Vittorie senza vendite

Paolo Marcesini

 

Dura vita per i premi letterari. E per i premi in generale. Se persino Felice Laudadio, dimissionario direttore della Mostra del cinema di Venezia, definisce inutile il responso di una giuria ("L'unico giudizio che conta è quello del pubblico, qualunque gara di film è sciocca e arrogante") figuriamoci quale importanza possono ormai avere i premi per il "povero" libro, oggetto-simbolo della perdita di appeal della lettura come forma di comunicazione e di intrattenimento. E ci chiediamo: l'industria culturale può fare a meno della fabbrica dei premi per continuare a vivere? Forse sì, ed è una fortuna. Forse per la prima volta i premi hanno esaurito la loro ragione di vita più effimera e immediata, quella cioè di far vendere chi vince trasformando la vittoria di un concorso letterario in una sorta di vincita al lotto.

Soffocati da estenuanti polemiche, perfidie reciproche e polemiche sempre più venefiche, i novecento premi letterari sparsi sul territorio nazionale (li ha censiti Giuliano Vigini dell'Editoriale Bibliografica) commercialmente ormai contano poco. Lontani i tempi in cui la fascetta di vincitore o di selezionato al Campiello o allo Strega faceva vendere centomila copie, oggi l'unico successo editoriale certo viene garantito dal tam tam dei lettori.
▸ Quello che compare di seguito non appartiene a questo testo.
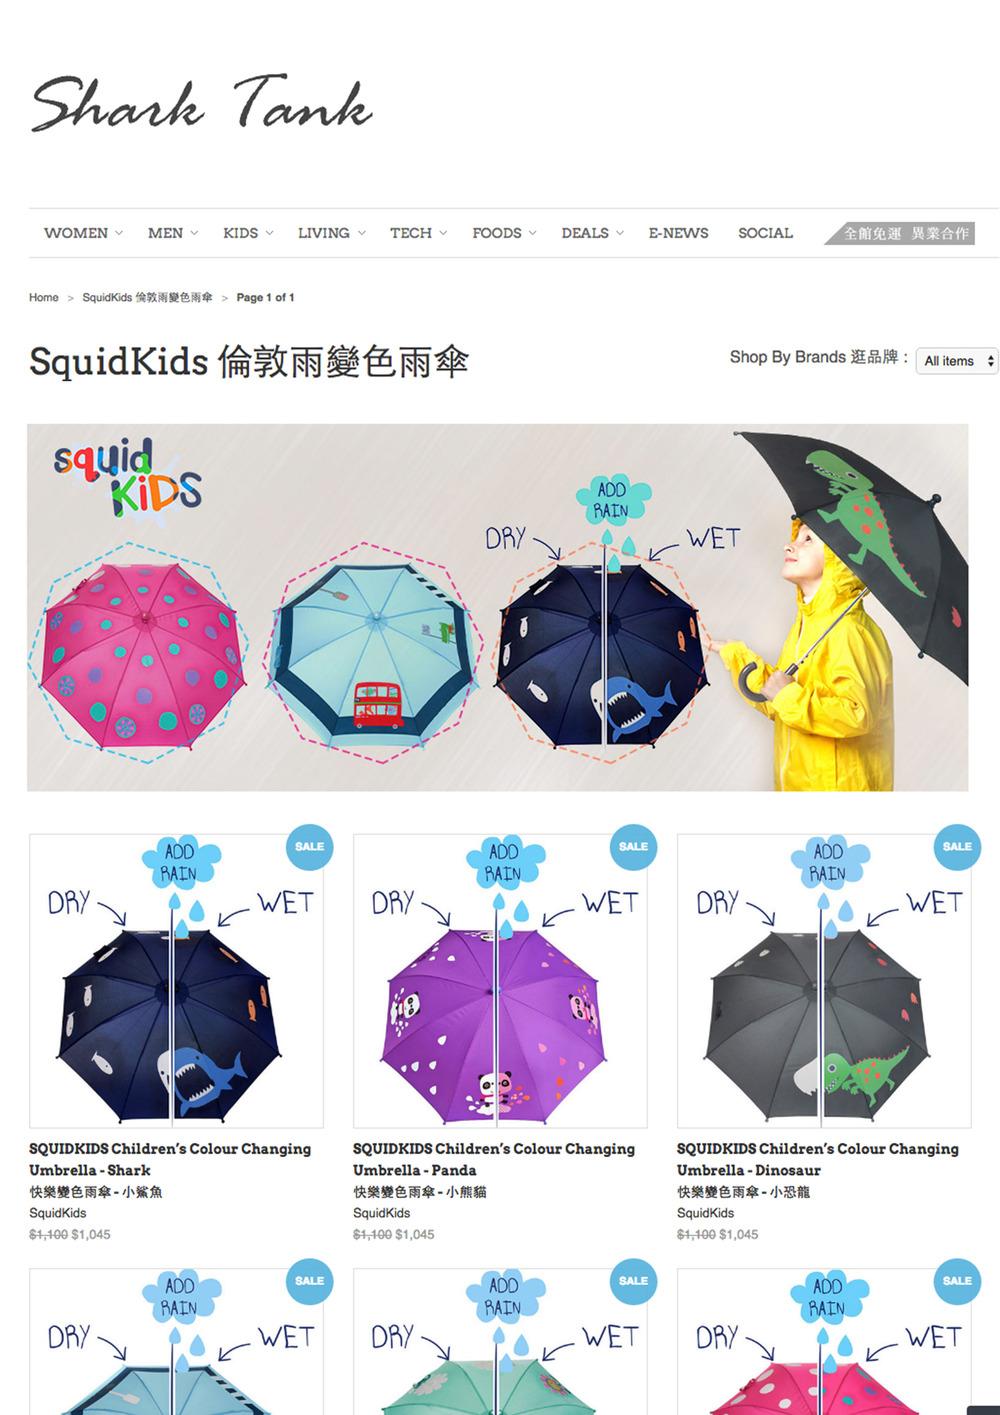 May 2016 SquidKids

Assolutamente non premiato, ad esempio, trionfa in ogni classifica di vendita Andrea Camilleri con le sua "taliate", i suoi "macari" e le inchieste del commissario Montalbano.

Eppure questa perdita di causa ed effetto tra vittorie e vendite potrebbe paradossalmente far bene proprio al libro, rimettere in gara l'autenticità della forza narrativa del romanzo (della poesia e della saggistica), far allontanare per un attimo gli autori dal miraggio del successo e del danaro, far capire a chi legge che la letteratura è una cosa, le classifiche un'altra. Insomma, è finita l'era del gratta e vinci letterario, è morto il premio salva-audience, ma il premio può vivere come antenna del gradimento letterario.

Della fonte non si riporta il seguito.